━━ PROVIDED DATA ━━
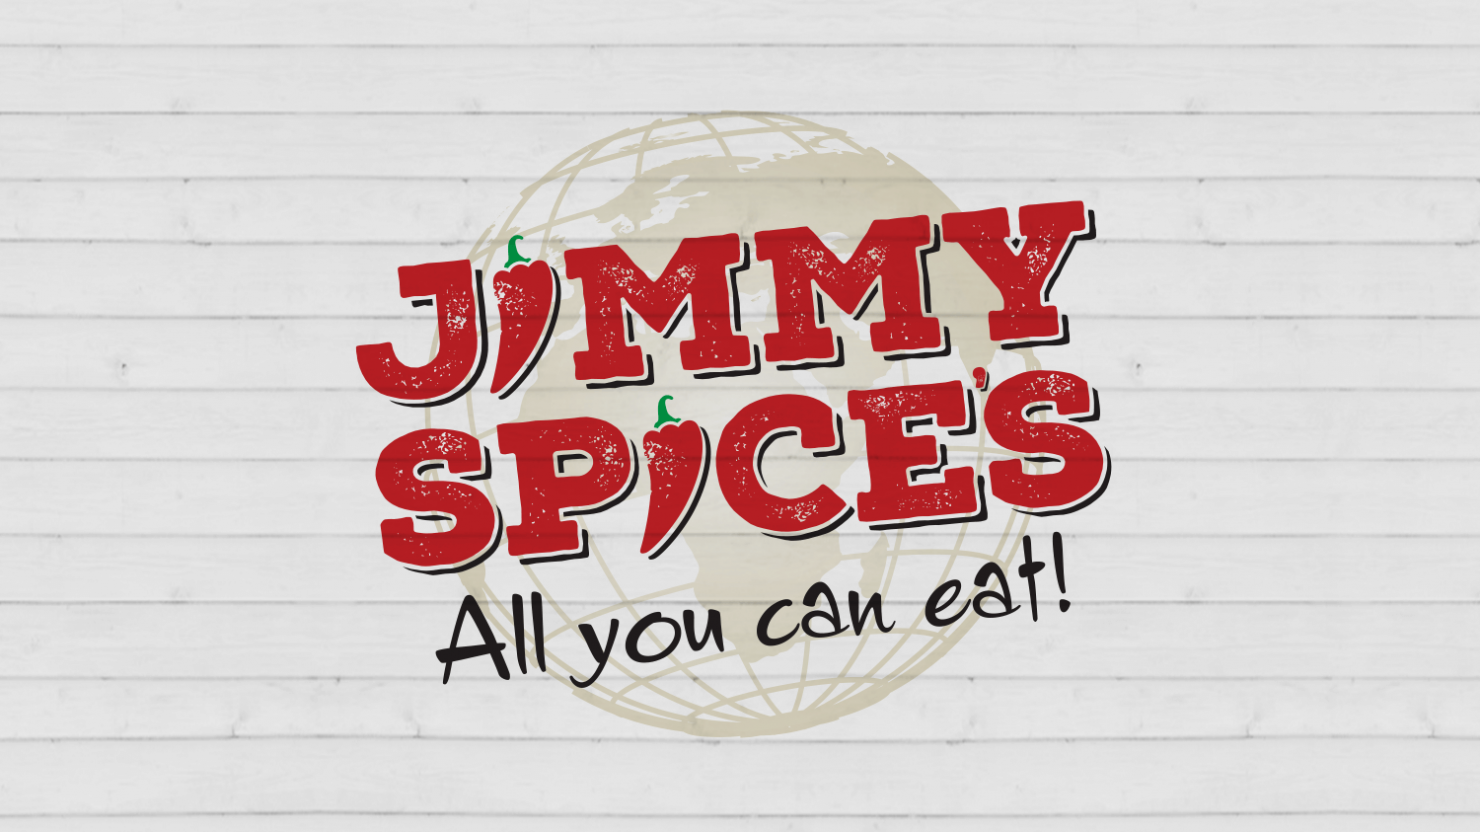 Creative restaurant branding for Birmingham restaurant Jimmy Spices
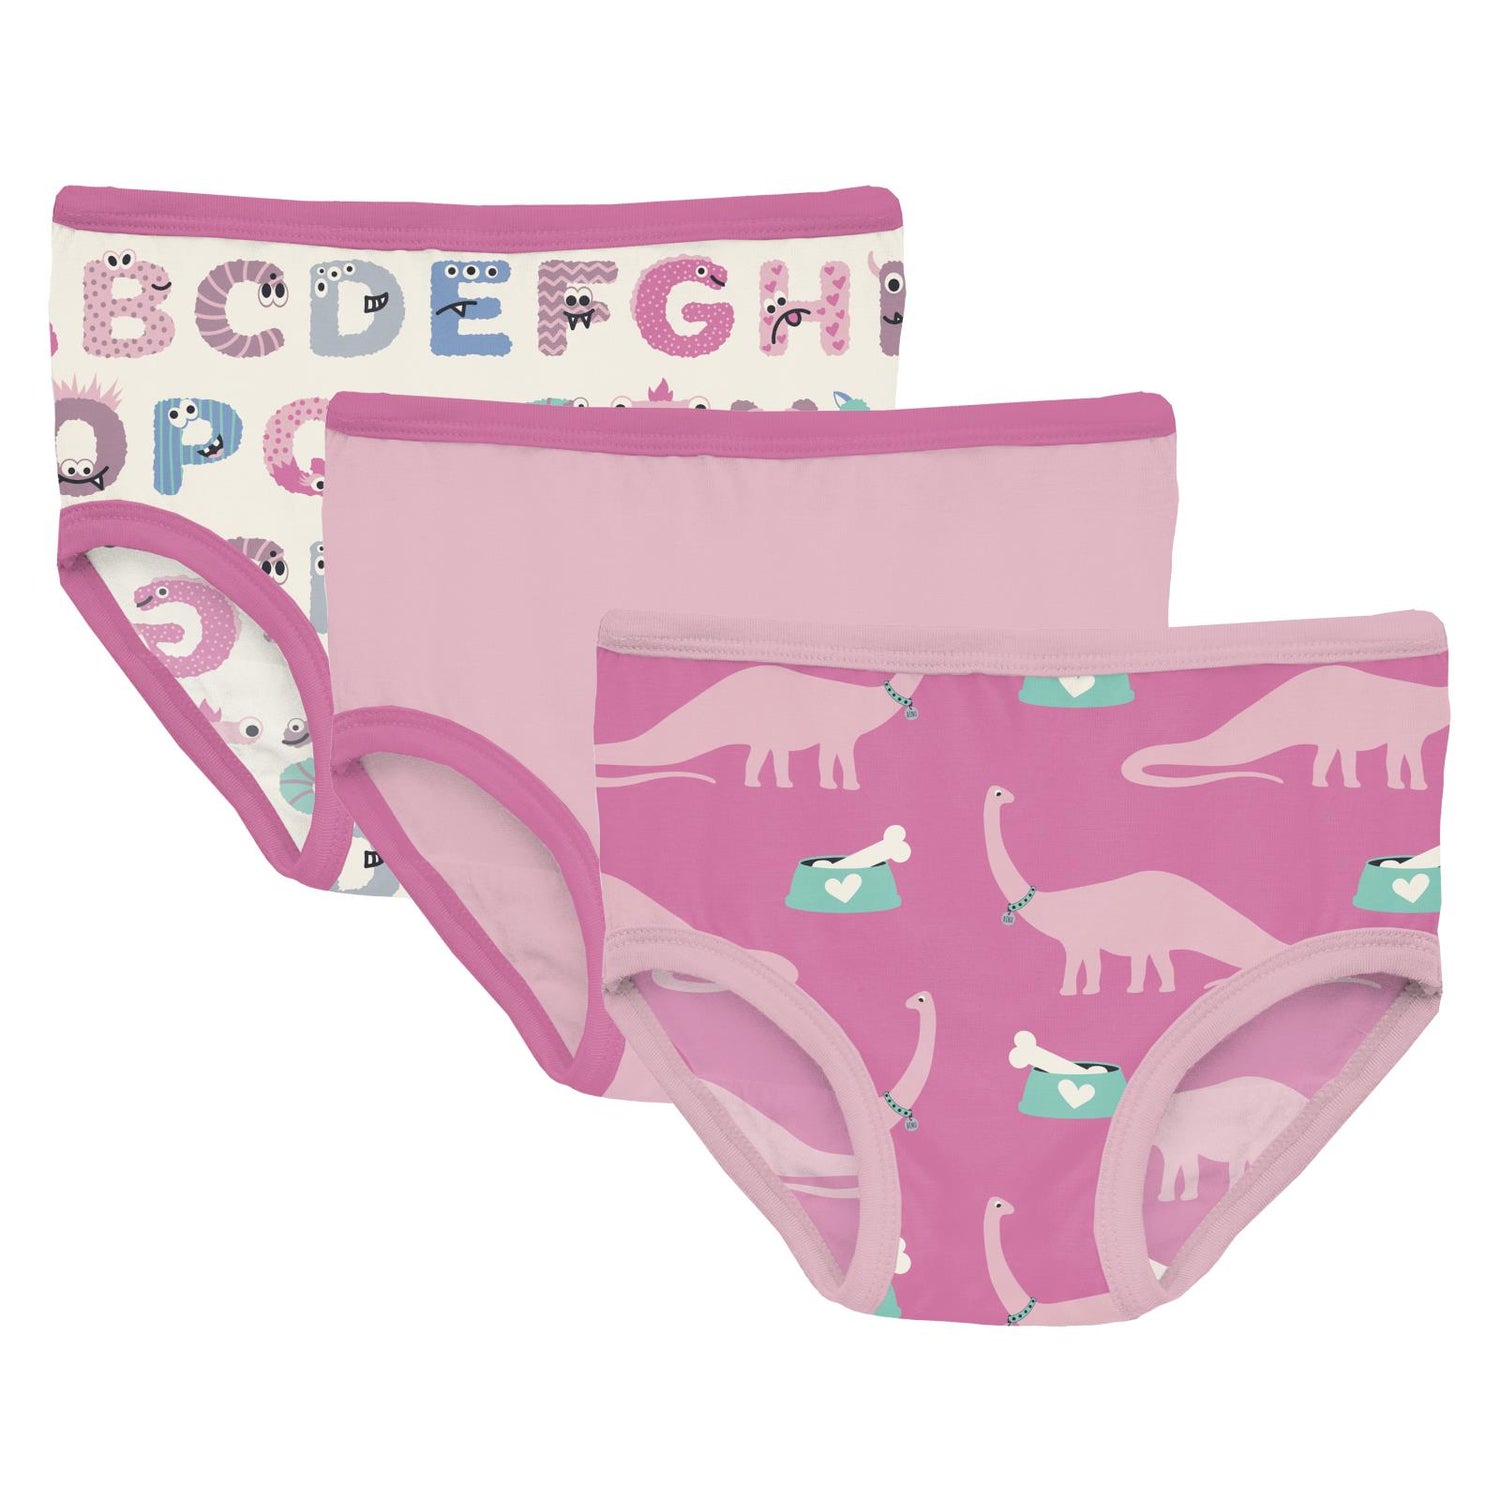 Print Girl's Underwear Set of 3 in Natural ABC Monsters, Cake Pop & Tulip Pet Dino
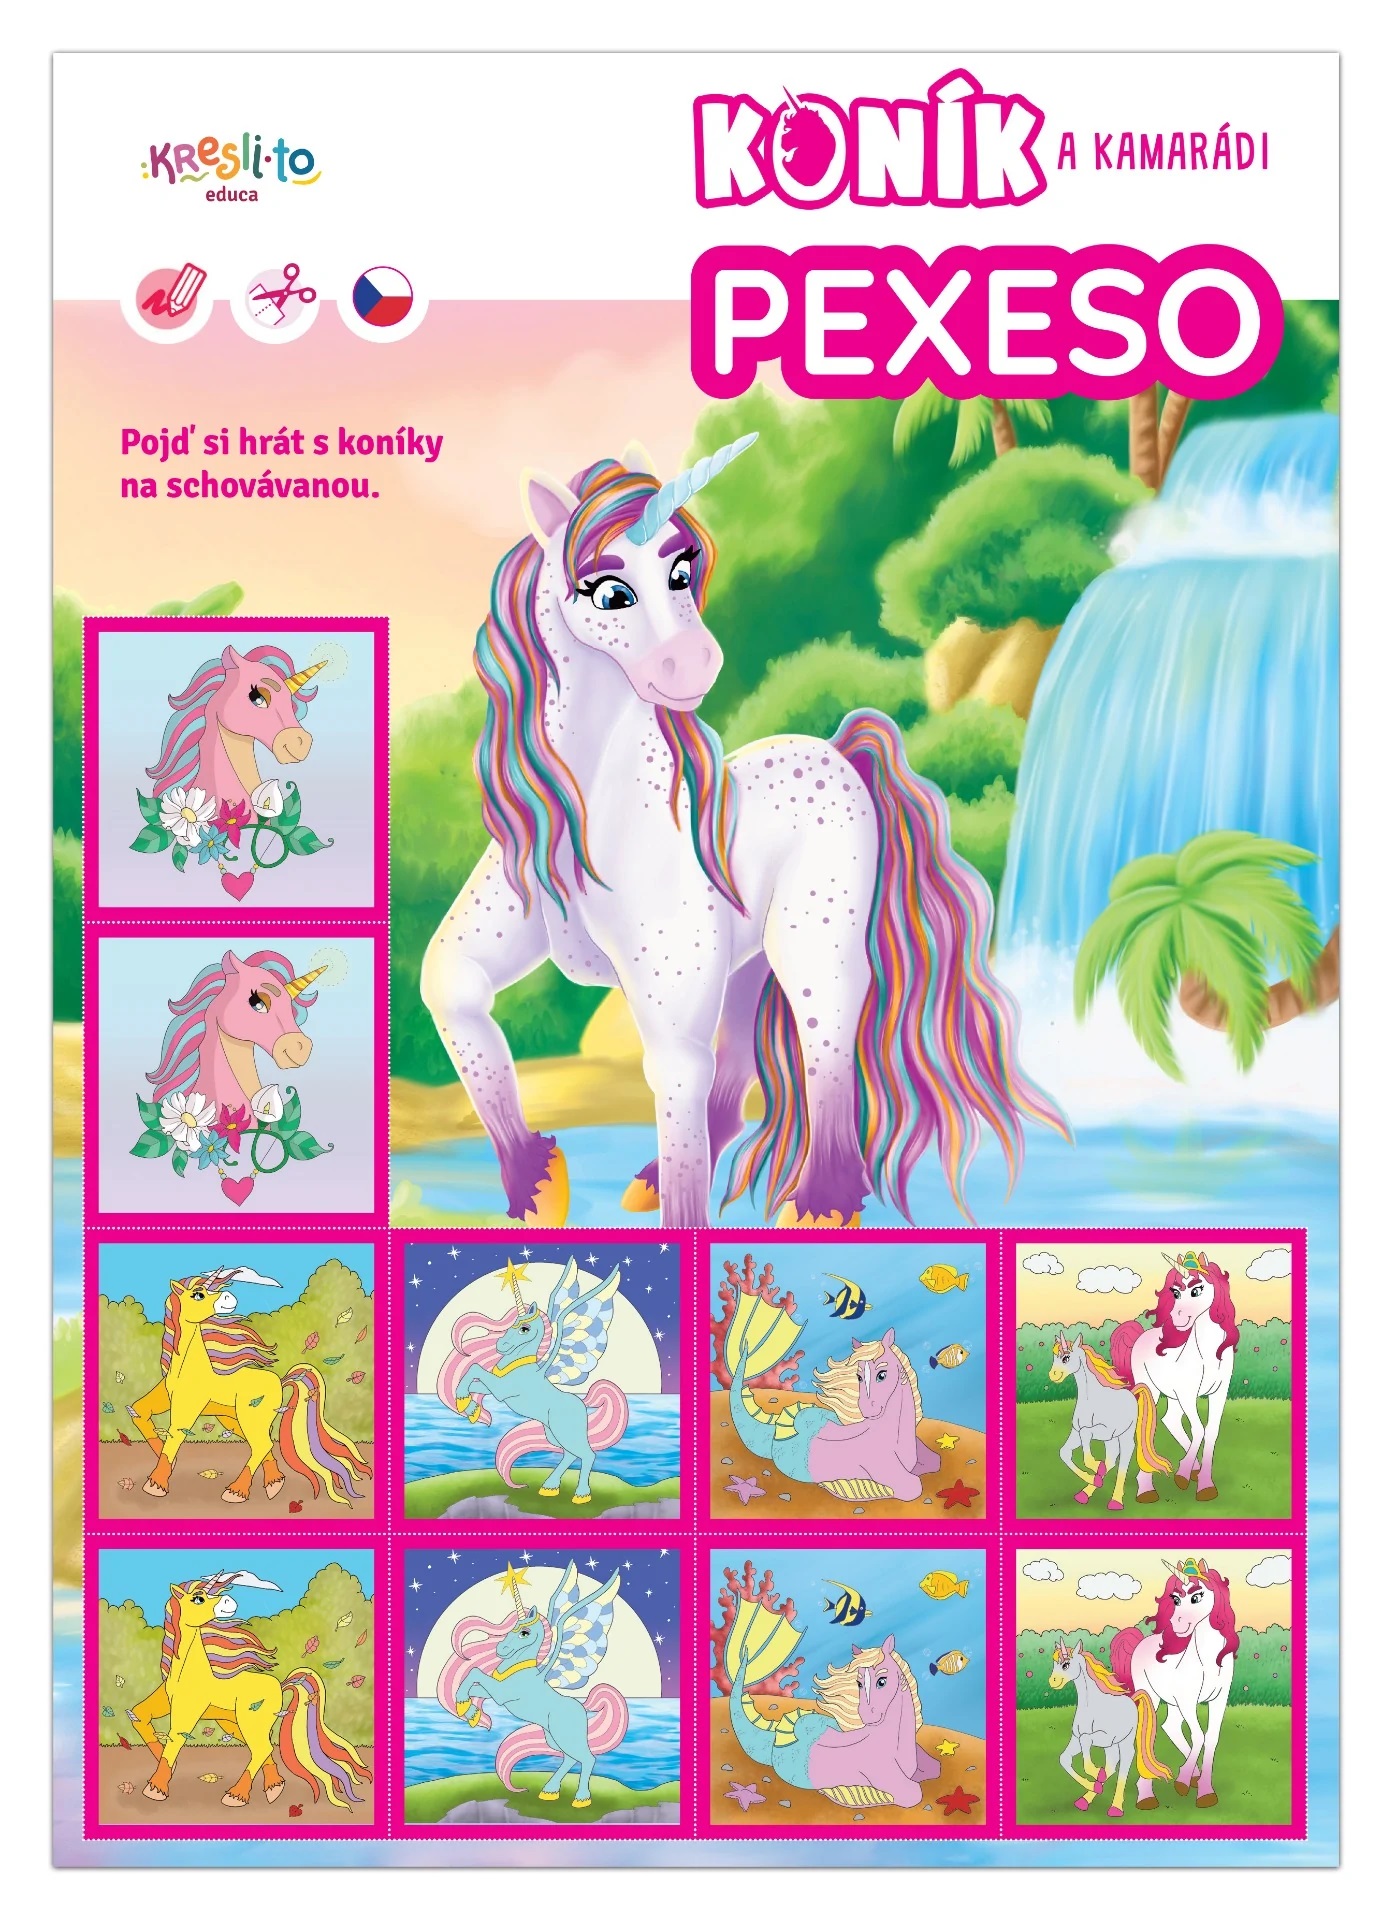 Pexeso - Koně a kamarád
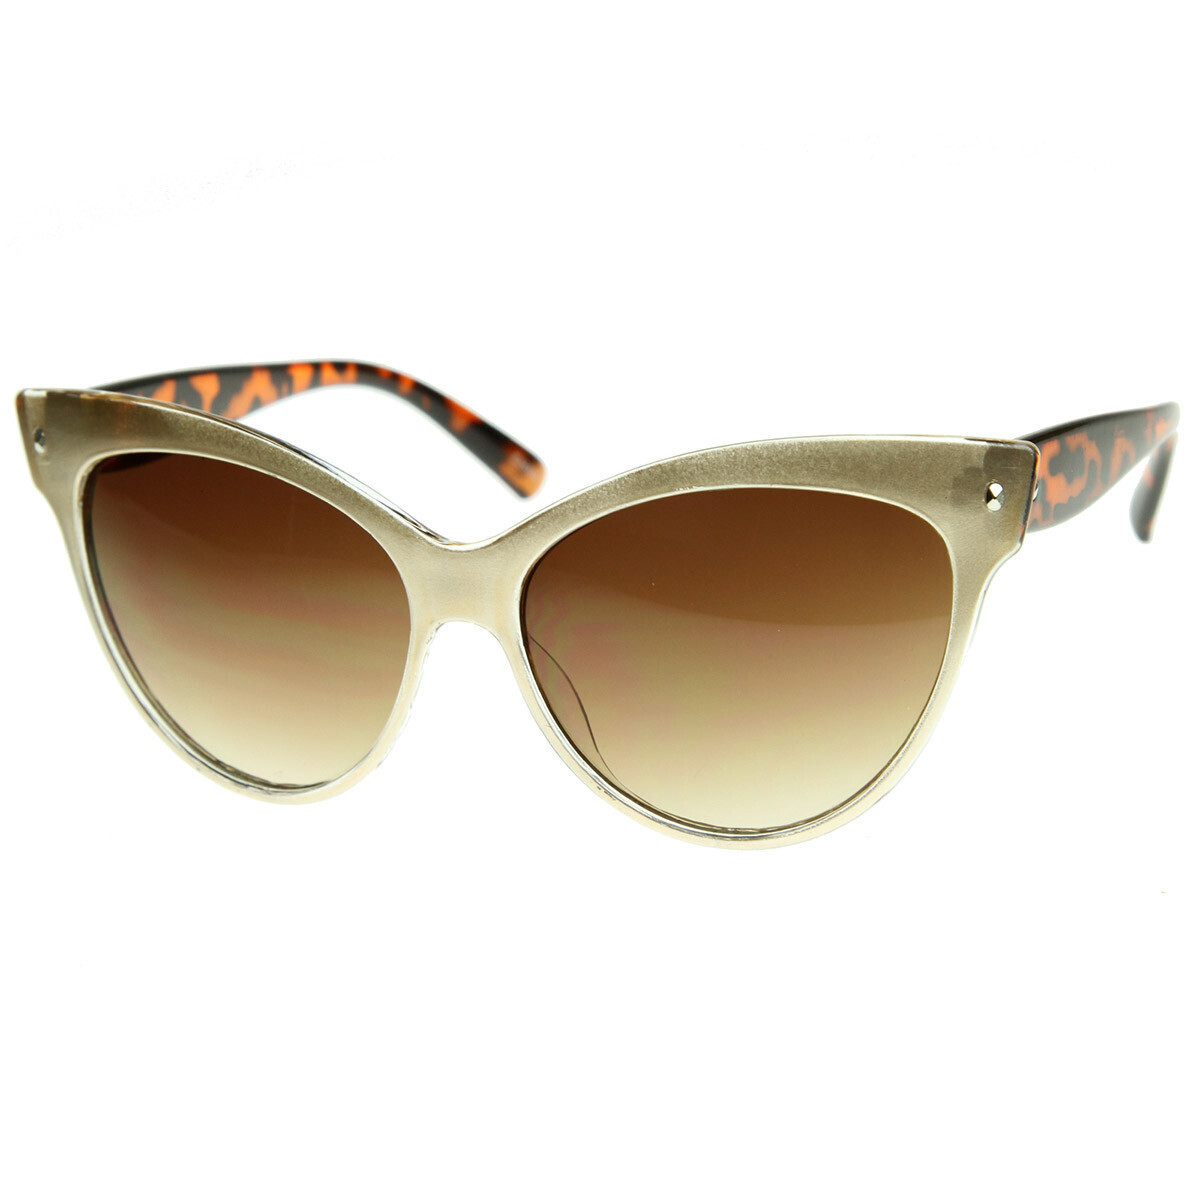 High Pointed Vintage Mod Womens Fashion Cat Eye Sunglasses - 8462 - Tortoise
━━━
Please make an exact copy of the whole listing and leave out its pictures.

§ **OUTPUT BELOW**
 Creative restaurant branding for Birmingham restaurant Jimmy Spices
 Print Girl's Underwear Set of 3 in Natural ABC Monsters, Cake Pop & Tulip Pet Dino
 Pexeso - Koně a kamarád
 High Pointed Vintage Mod Womens Fashion Cat Eye Sunglasses - 8462 - Tortoise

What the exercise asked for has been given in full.